- Pound chicken breasts to an even 1.5cm thickness, then season both sides generously with salt and black pepper.
- Set up a breading station with three shallow dishes: plain flour in the first, beaten eggs in the second, and panko breadcrumbs in the third.
- Coat each chicken breast in flour, shaking off the excess, then dip in egg, and finally press firmly into panko to ensure an even, thorough coating.
- Heat neutral oil in a deep pan to 170°C (340°F) and fry the breaded chicken for 5–6 minutes per side until deep golden and cooked through (internal temp 74°C/165°F). Drain on a wire rack.
- While the chicken rests, cook the rice according to package instructions, then mold into dome shapes on the plate and sprinkle with black sesame seeds.
- Blanch shelled edamame in salted boiling water for 3 minutes, then drain.

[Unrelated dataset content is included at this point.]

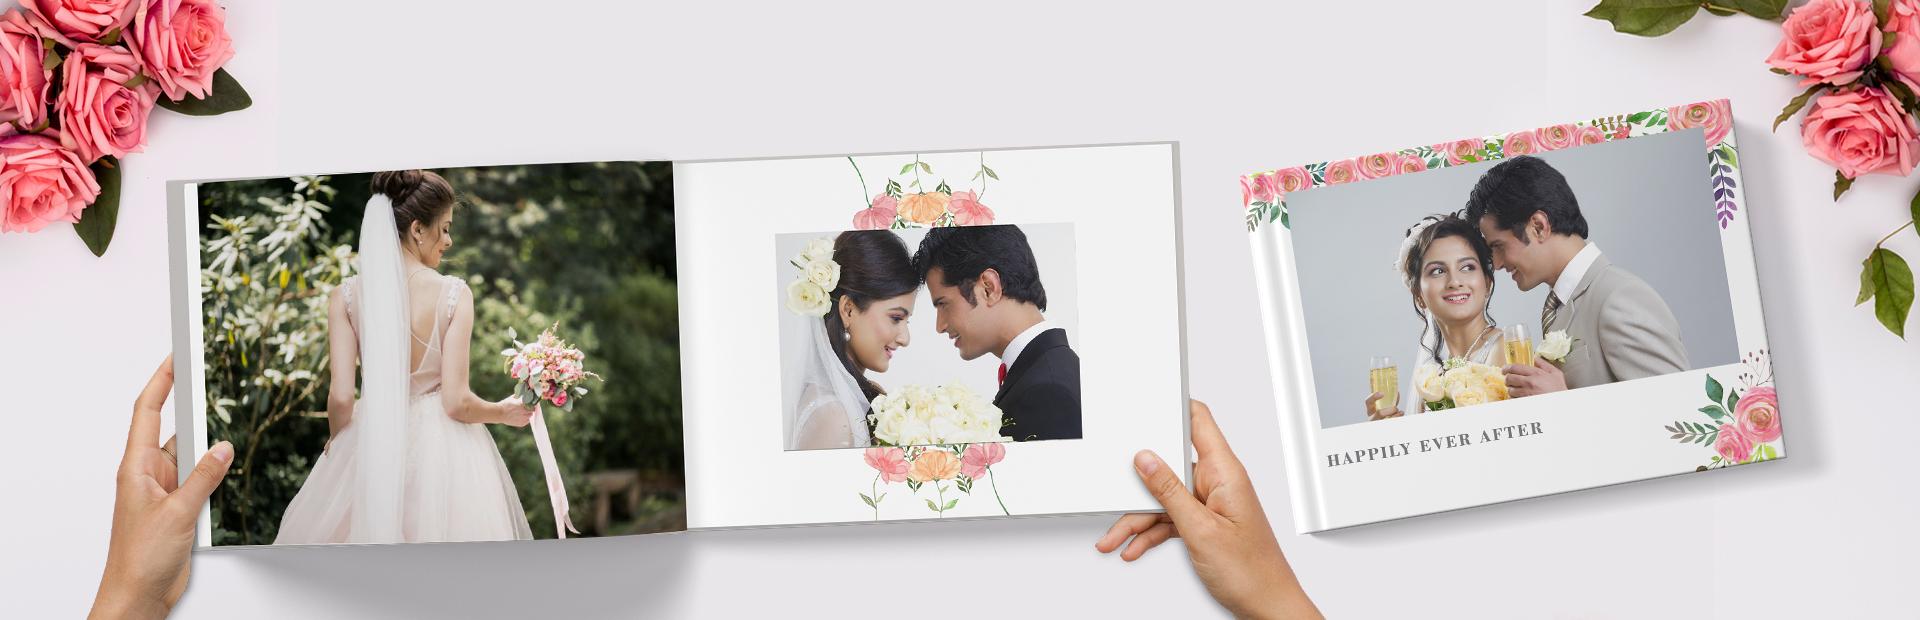 Classic Wedding Photo Books Online

Warm corn kernels in a small pan or microwave.
- Arrange salad greens and shredded cabbage on the plate, slice the chicken and place on top, then add rice, edamame, and corn in separate sections.
- Pipe or spoon ketchup alongside the chicken and serve the tonkatsu dipping sauce in a small side bowl.
Tip: For the crispiest panko crust, refrigerate the breaded chicken uncovered for 15–20 minutes before frying — this helps the coating adhere and prevents it from falling off in the oil.